3D camera and camcorders, there is finally an ecosystem, and enough devices to reach a critical mass.

So as all these technologies hit, it will eventually make it so watching a 2D movie will be like watching a black and white, or silent movie. Ok maybe not that bad.
But there was a time when color was a novelty and not considered neccessary.
Even Talkies where viewed that way when they first came out.

I remember reading how they had photograph records and the projectionist had to try to keep the projector running at the same speed as the record.  A/V sync, back then was not even a concept.

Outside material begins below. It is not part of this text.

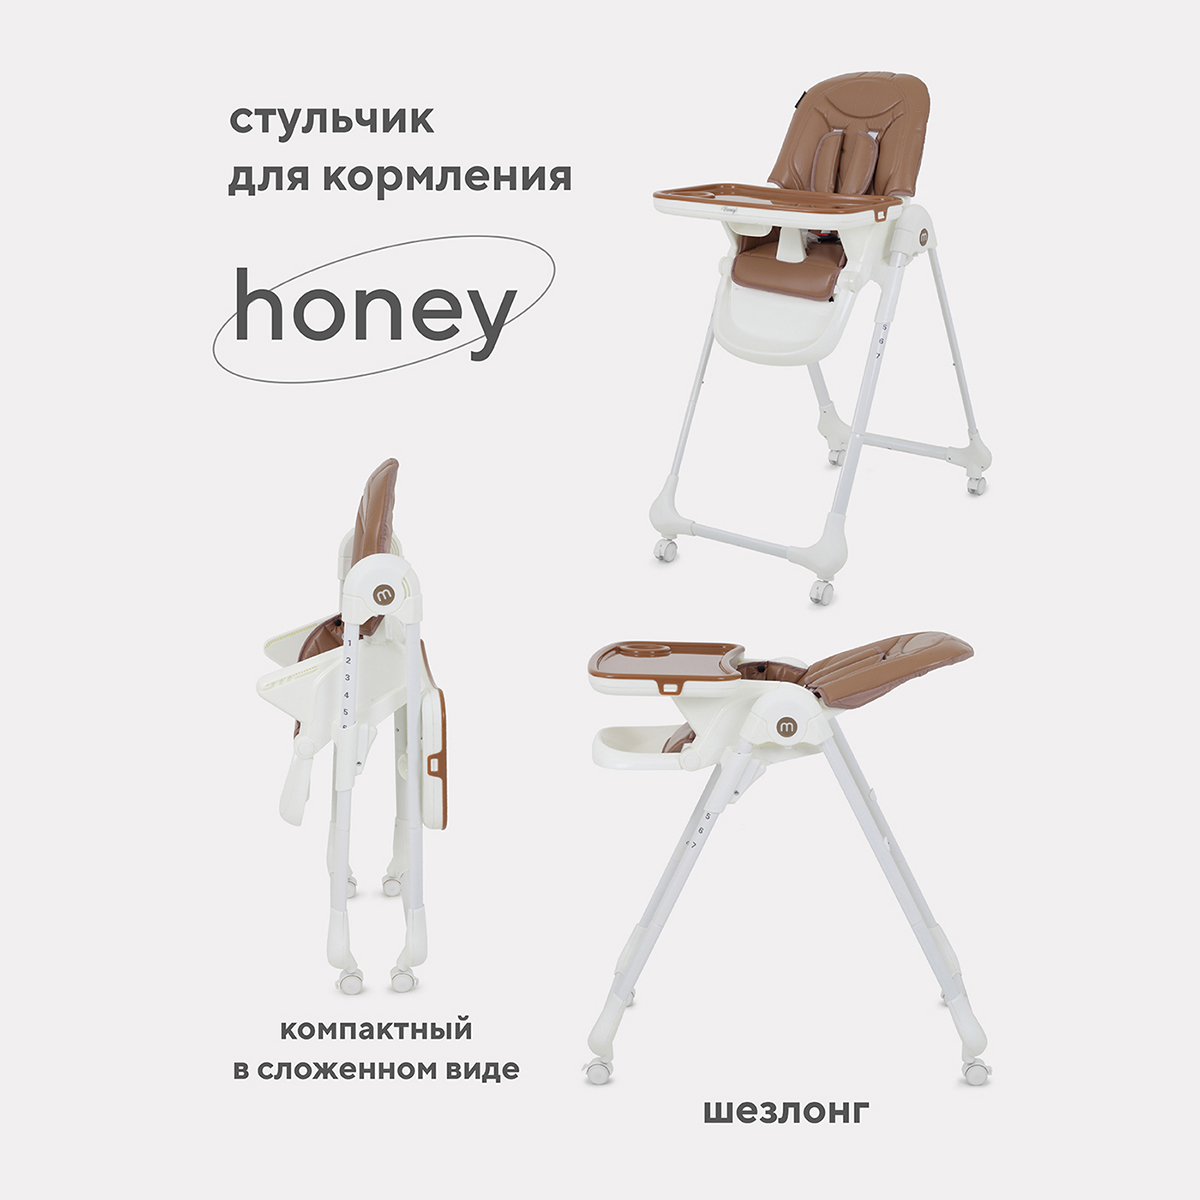 Стульчик для кормления MOWBaby HONEY от 6 месяцев RH600 beige стульчик для кормления mowbaby honey от 6 месяцев rh600 grey

So now it's 3D, 3D camera and imaging can add a whole new dimention to image analysis because we can extract a 3D depth map, and do the beginning of virtual view point video (free view point video), that will in 20 year be the Big hot technology.

But AR is happening fast, and 3D just plays in to that.

There is also a big push for 2D to 3D conversion also, but this is also in it's infancy and may never work better then colorization of black and white films.  It's hard to add data that doesn't exist. At best artists can try to infer what it should have been and I doubt if that will ever look anywhere's as good a properly shot 3D content.